“Do you ever have that feeling where you can’t tell if something is a memory or something you dreamed?” twentysomething Martha asks her clueless older sister Lucy midway through Martha Marcy May Marlene.
It’s just one of many good lines of dialogue in writer/director Sean Durkin’s new thriller, but it’s the creative crux of what makes his debut feature such an inventive treat. Arguably there was no hotter, more buzz-worthy ticket at the just-completed New York Film Festival, where Martha Marcy May Marlene played twice to enthusiastic, capacity crowds.
When first we meet beautiful, sad-eyed Martha (Elizabeth Olsen), she is desperately fleeing the upstate New York farm in which she lives communally with a small group of Abercrombie-esque waifs.
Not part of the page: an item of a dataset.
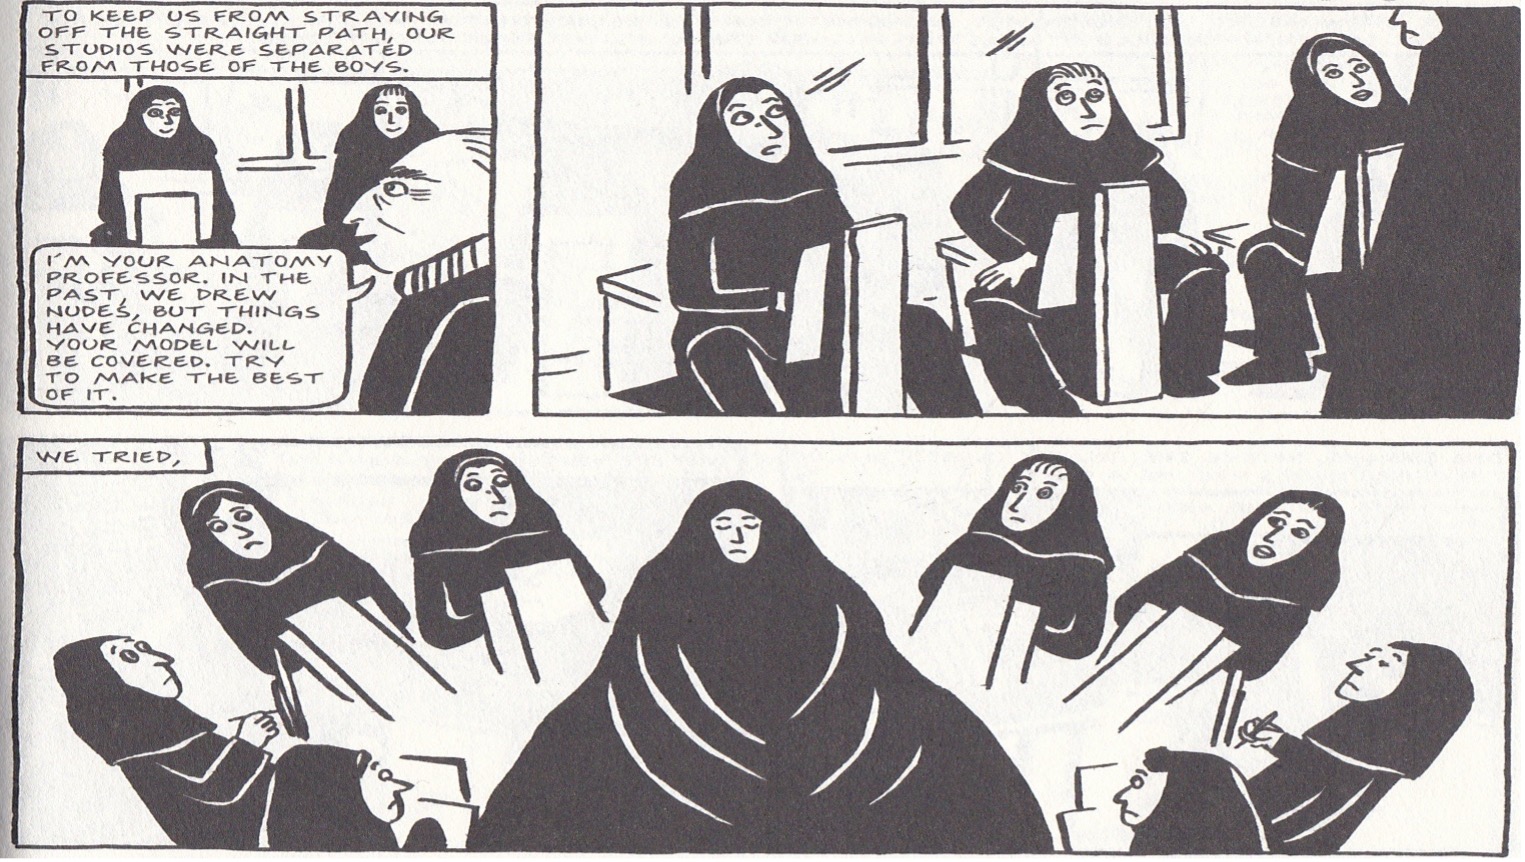 Figure 1. Satrapi, The Complete Persepolis, 299. Graphic Novel Excerpt from PERSEPOLIS 2: THE STORY OF A RETURN by Marjane Satrapi, translated by Anjali Singh, translation copyright © 2004 by Anjali Singh. Used by permission of Pantheon Books, an imprint of the Knopf Doubleday Publishing Group, a division of Penguin Random House LLC. All rights reserved.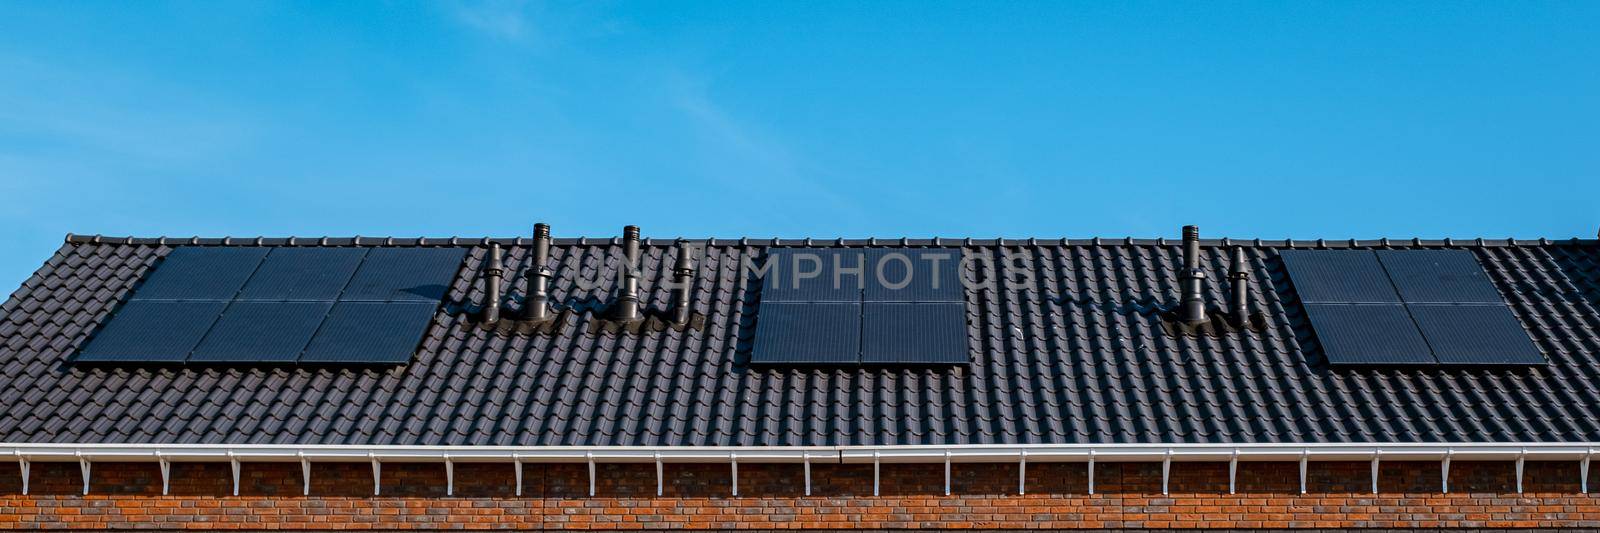 Newly build houses with solar panels attached on the roof against a sunny sky Close up of a new building with black solar panels. Zonnepanelen, Zonne energie, Translation: Solar panel, , Sun Energy.

She nervously calls Lucy (Sarah Paulson) from the last working pay phone in America and is picked up at the local bus depot, glancing over her shoulder at some constant, unknown menace.
Martha takes refuge at Lucy’s waterfront vacation home, but refuses to share details of the two years she spent out of touch, following the death of their mother. As she attempts to re-assimilate, the memories of her time at the farm begin flooding back and she becomes increasingly unclear about what is and isn’t real. The viewer shares her confusion, delightfully so.
As moments in the present trigger glimpses of the past, we learn that Martha was not living with her boyfriend in the Catskills, as she claims to her sister and brother-in-law. She was actually a member of a patriarchal cult controlled by a Manson-like sociopath (John Hawkes) and an active accomplice in chilling acts of rape, robbery and murder.
Durkin seamlessly interweaves Martha’s troubling backstory with her tentative pursuit of a new life, creating an overlapping dual narrative. This ingenious structure is part of what makes Martha Marcy May Marlene such a nail-biter. With no predictable storytelling rhythm to fall into, I was constantly on the edge of my seat, frustrated by a complete inability to guess what would happen next (but enjoying every minute).
It’s a creative masterstroke on Durkin’s part, one that allows the viewer (unlike Martha’s sister and brother-in-law) to fully understand and empathize with the character, despite her emotionless affect, terse replies, and generally unsympathetic behavior. Much of the credit for this goes to Olsen (younger sister of Mary-Kate and Ashley) who gives a nicely nuanced performance in her first leading role. (And if you like her in this, look for her in at least four more indie features, coming soon to an art house near you.)
In the pivotal role of Patrick, the guitar-playing cult leader, Oscar-nominee (for Winter’s Bone) John Hawkes is perfectly cast. We meet him in the film’s first flashback and, despite his backwoods creepiness, it’s easy to understand Martha’s attraction to him. There’s a hypnotic power in Hawkes’ weathered stare and, with Durkin’s deftly structured establishment of the character and his manipulative mastery, the premise becomes plausible.
In movies about cults or otherwise abusive situations, the viewer is often asked to believe that a protagonist (usually a woman, particularly if it’s on Lifetime) will choose entrapment because she’s damaged in some way, or because the aggressor has powers we can’t perceive. But there’s no suspending of disbelief in Martha Marcy May Marlene, particularly when it comes to Hawkes and the character of Patrick. I had a pretty good understanding of what these troubled young people saw in him and the seemingly idyllic lifestyle he was offering them – particularly at this moment in our political and socioeconomic history.
For example, Durkin opens the film with a pastoral montage of life on the farm: women washing clothes in old fashioned basins; men repairing a barn; young children being cared for in a safe, loving environment. Everybody has a role and everything is provided. In a time of rampant unemployment, poverty and economic uncertainty, this looks like a pretty good way to live, particularly for a college-age kid who hasn’t yet established an adult identity.
Movies and television, particularly thrillers, tend to mirror the fears and phobias of the day. Science fiction of the 1950s was often a thinly veiled allegory about the dangers of the atomic bomb, or the Red Menace or both (if it was written by Rod Serling). In the late ’60s and early ’70s, as women fought for equality in the workplace and the bedroom, Ira Levin’s Rosemary’s Baby and The Stepford Wives were parables of sexism and powerlessness.
With today’s insurmountable economic inequality and the attacks on women’s sexuality and reproductive freedom from increasingly aggressive Conservative lawmakers, what disaffected young woman wouldn’t consider living in a free love commune with a guy who writes songs about how pretty she is? I know I would, but I’m a sucker for a guitar-playing psycho.
As you may remember, both Rosemary’s Baby and The Stepford Wives end unhappily for their young female protagonists. The conclusion of Martha Marcy May Marlene is uncertain, just like everything else in 2011. Today, as always, art imitates life.